Wicklow based sculptor Helen O'Connell divides her practice between her studio at home by the sea in Bray, Ireland and Tre Luci Studios in Pietrasanta, Italy. The natural world is usually the inspirational point of departure in her work. Her sculpture is inspired by organic biomorphic forms found in nature, sequences and patterning found in the natural world, Irelands ancient relationship with stone as a medium and the recurring symbolic motif of the circle. Increasingly her sculpture seeks to draw attention to the epic scale of geological time contained in these stones and their fossils.

 

After graduating in English Literature and Art History from Trinity College Dublin O'Connell studied stone sculpture in Leitrim Sculpture Centre, at the Nicoli Studios in Cararra, Italy and in the marble quarries of Alentejo, Portugal.

She has had several solo exhibitions such as ‘the stone the circle the rhythm’ in Dublin’s Talbot Gallery, ‘Carriage na Farraige’ at the Signal Arts Centre and ‘circular breathing’ at the Mermaid Arts Centre.
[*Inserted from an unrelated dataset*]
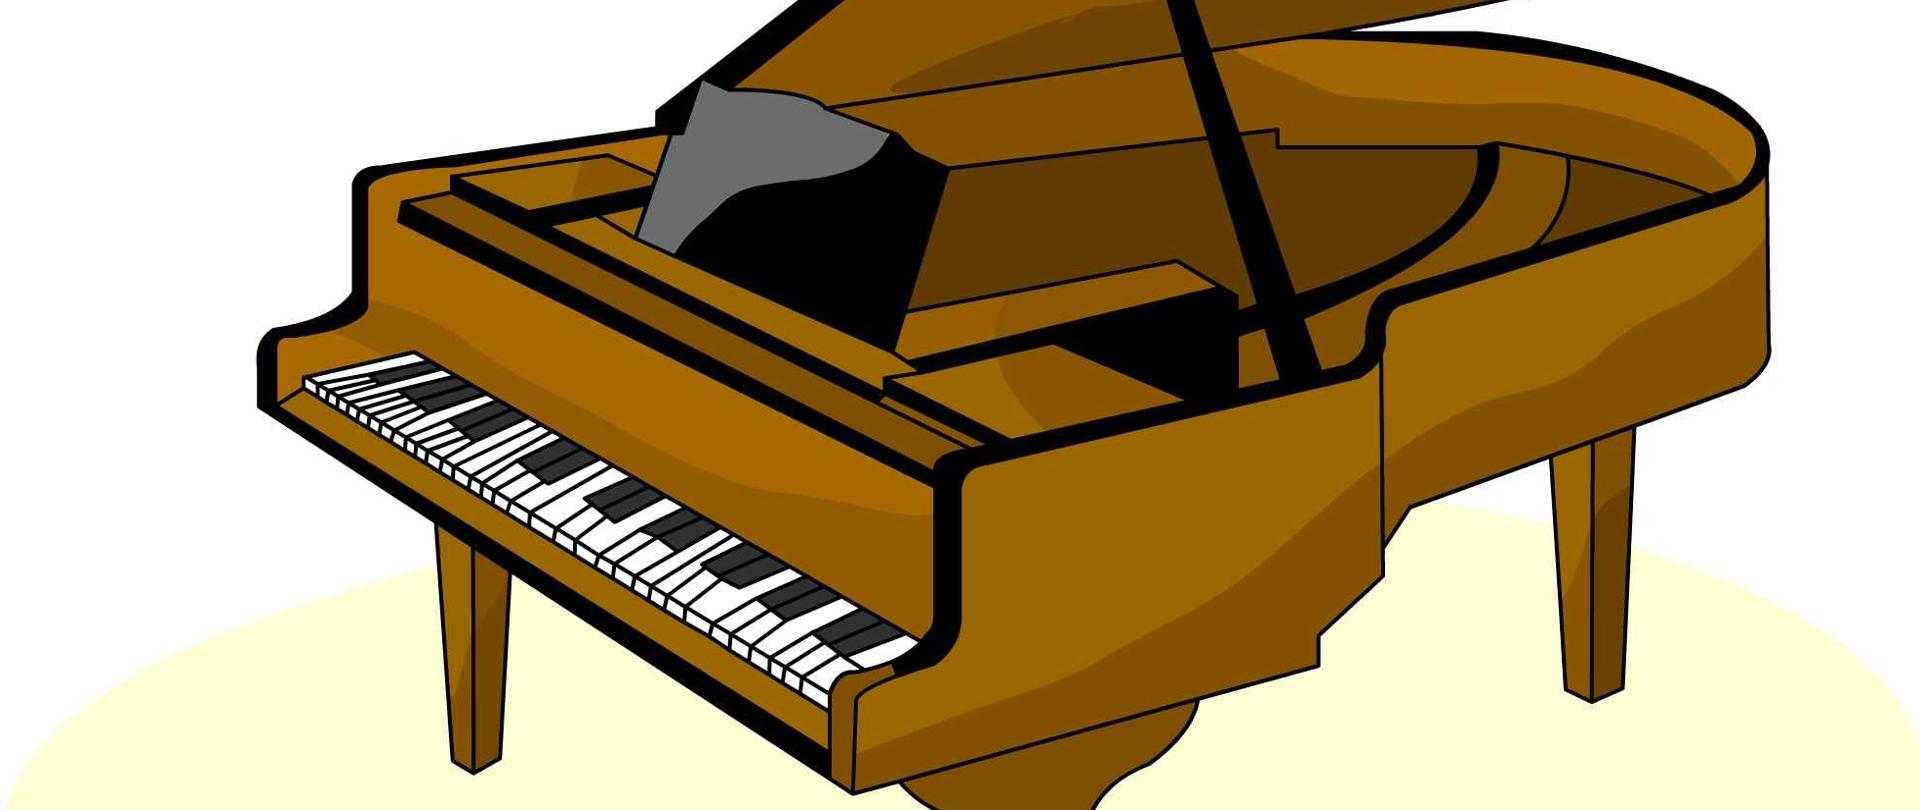 Na środku zdjęcia znajduje się brązowy fortepian z otwartą klapą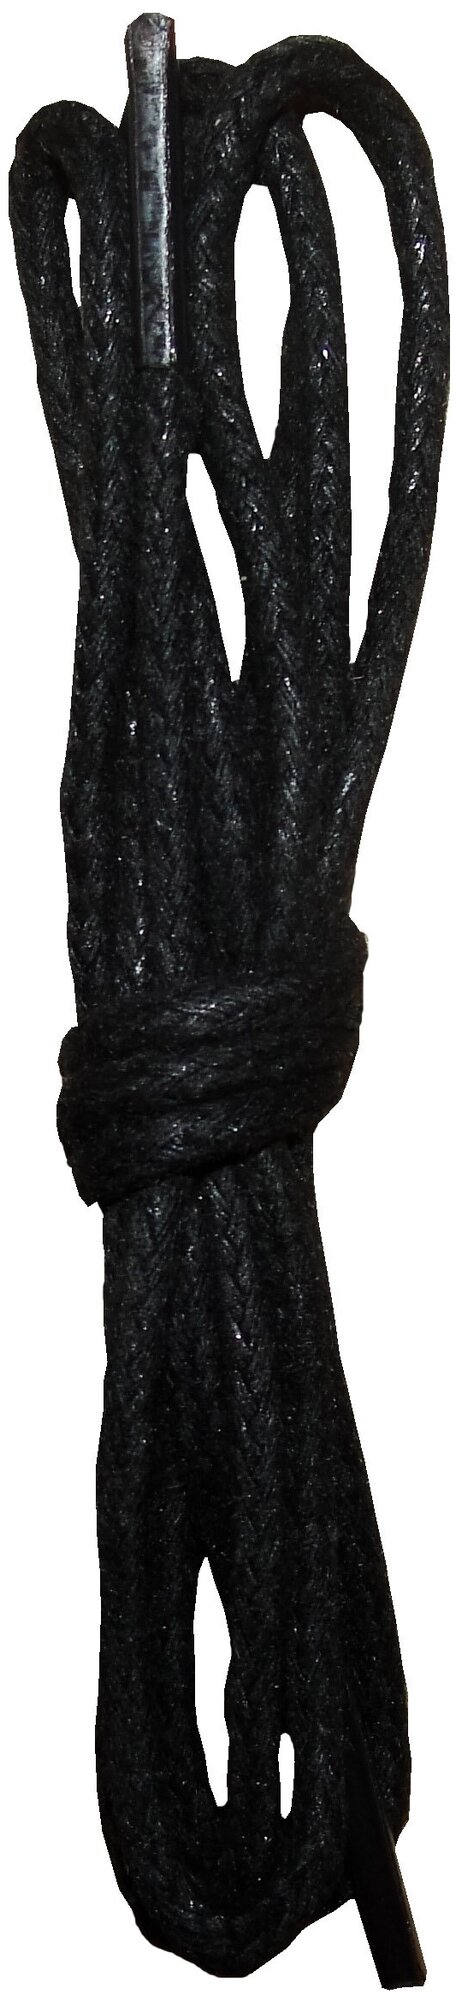 Шнурки орион 150см тонкие черные с пропиткой

Her work has been shown in London, Paris, New York, Torino, Belgrade, Wales and throughout Ireland. Her work is in many public and private collections in Ireland and abroad. The Irish embassy in Washington D.C., The Office of Public Works, The H.S.E and Bono are recent collectors. 

She is currently a member of 'Homo Faber' (a celebration of European excellence in craftsmanship), the Michelangelo Foundation and the Design and Crafts Council of Ireland (who recently voted her one of Irelands ‘Craft Heroes’ in celebration of 50 years of the Design and Crafts Council) and is represented by ‘rhyme studios’ in New York.